People Counting (Over Time)
Overview
People counting over time involves detecting and tracking different persons, and incrementing the count when a new person appears. This use case can reduce dependency on manual counting, and be applied to areas such as retail analytics, queue management, or occupancy monitoring.
Our solution automatically detects, tracks and counts people over time. This is explained in the How It Works section.
Demo
To try our solution on your own computer, install and run PeekingDuck with the configuration file people_counting_over_time.yml as shown:
Terminal Session
You may like to try it on this sample video.
How It Works
People counting over time comprises three main components:
Human detection,
Appearance embedding tracking, and
Incrementing the count.
1. Human Detection
We use an open source detection model known as JDE to detect persons. JDE has been trained on pedestrian detection and person search datasets. This allows the application to identify the locations of persons in a video feed. Each of these locations is represented as a pair of x, y coordinates in the form \([x_1, y_1, x_2, y_2]\), where \((x_1, y_1)\) is the top left corner of the bounding box, and \((x_2, y_2)\) is the bottom right. These are used to form the bounding box of each person detected. For more information on how to adjust the JDE node, check out the JDE configurable parameters.
2. Appearance Embedding Tracking
To learn appearance embeddings for tracking, a metric learning algorithm with triplet loss is used. Observations are assigned to tracklets using the Hungarian algorithm. The Kalman filter is used to smooth the trajectories and predict the locations of previous tracklets in the current frame. The model outputs an ID for each detection based on the appearance embedding learned.
3. Incrementing the Count
Monotonically increasing integer IDs beginning from 0 are assigned to new unique persons. For example, the first tracked person is assigned an ID of 0, the second tracked person is assigned an ID of 1, and so on. Thus the total number of unique persons that have appeared in the entire duration is simply the cumulative maximum.
Nodes Used
These are the nodes used in the earlier demo (also in people_counting_over_time.yml):
nodes:
- input.visual:
source: <path/to/video with people>
- model.jde
- dabble.statistics:
maximum: obj_attrs["ids"]
- draw.bbox
- draw.tag:
show: ["ids"]
- draw.legend:
show: ["cum_max"]
- output.screen
1. JDE Node
This node employs a single network to simultaneously output detection results and the corresponding appearance embeddings of the detected boxes. Therefore JDE stands for Joint Detection and Embedding. Please take a look at the benchmarks of object tracking models that are included in PeekingDuck if you would like to use a different model or model type better suited to your use case.
2. Statistics Node
The dabble.statistics
node retrieves the maximum detected ID for each frame. If the ID
exceeds the previous maximum, the cum_max (cumulative maximum) is updated. As monotonically
increasing integer IDs beginning from 0 are assigned to new unique persons, the maximum ID is
equal to the total number of unique persons over time.
3. Adjusting Nodes
With regard to the model.jde
node, some common behaviors that you might want to adjust are:
iou_threshold
: Specifies the threshold value for Intersection over Union of detections (default = 0.5).score_threshold
: Specifies the threshold values for the detection confidence (default = 0.5). You may want to lower this value to increase the number of detections.nms_threshold
: Specifies the threshold value for non-maximal suppression (default = 0.4). You may want to lower this value to increase the number of detections.min_box_area
: Specifies the minimum value for area of detected bounding box. Calculated by \(width \times height\) (default = 200).track_buffer
: Specifies the threshold to remove track if track is lost for more frames than this value (default = 30).

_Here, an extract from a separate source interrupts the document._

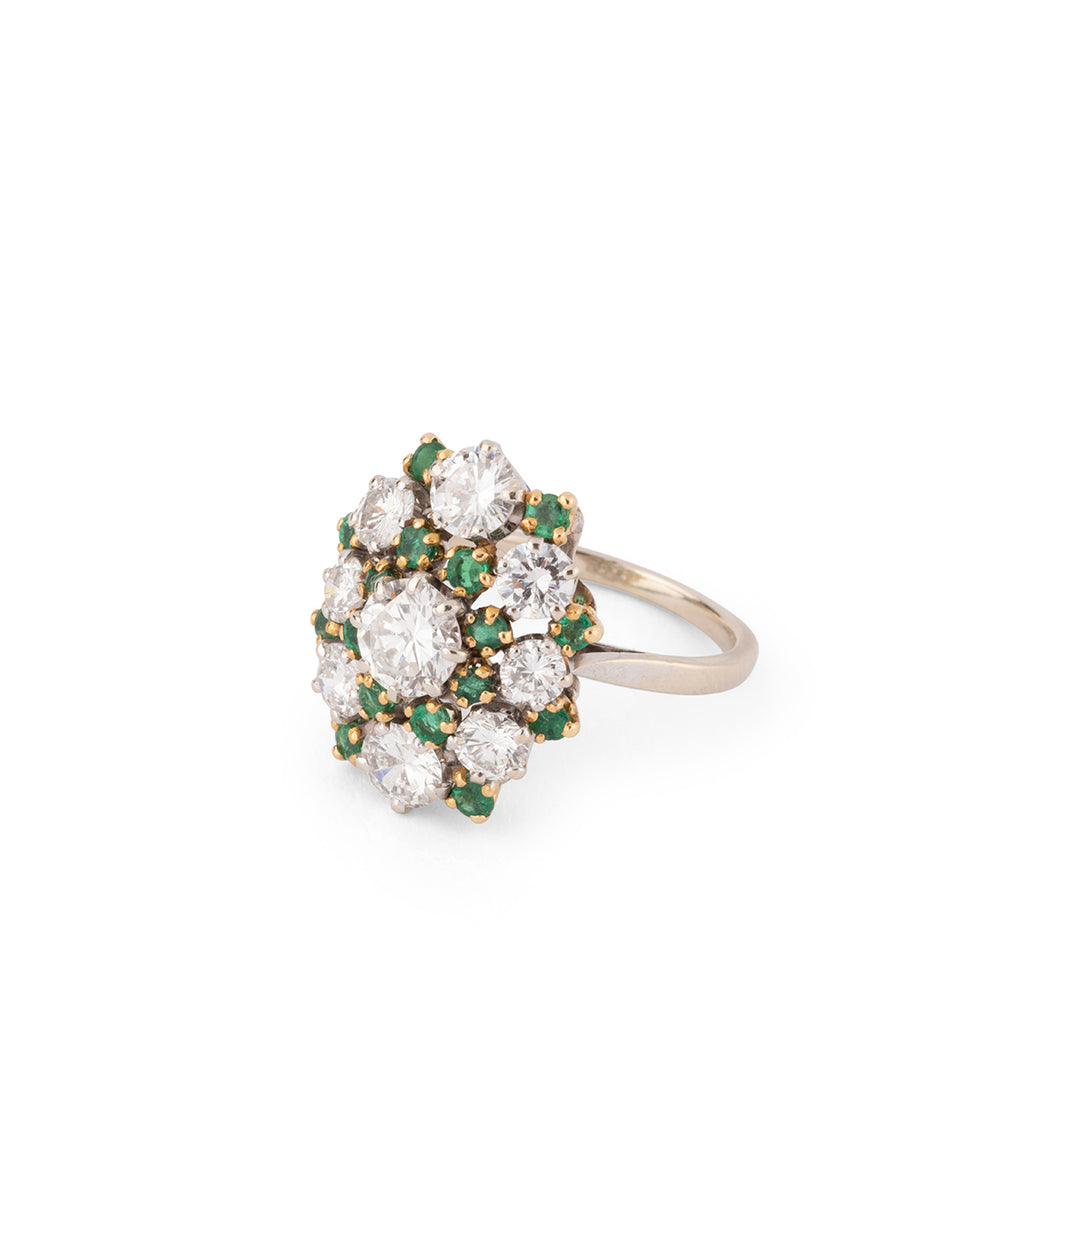 Cluster ring diamonds and emeralds "Dagny" - Caillou Paris

Counting People Within Zones
It is possible to extend this use case with the Zone Counting use case. For example, if a CCTV footage shows the entrance of a mall as well as a road, and we are only interested to apply people counting to the mall entrance, we could split the video into 2 different zones and only count the people within the chosen zone. An example of how this can be done is given in the Tracking People within a Zone tutorial.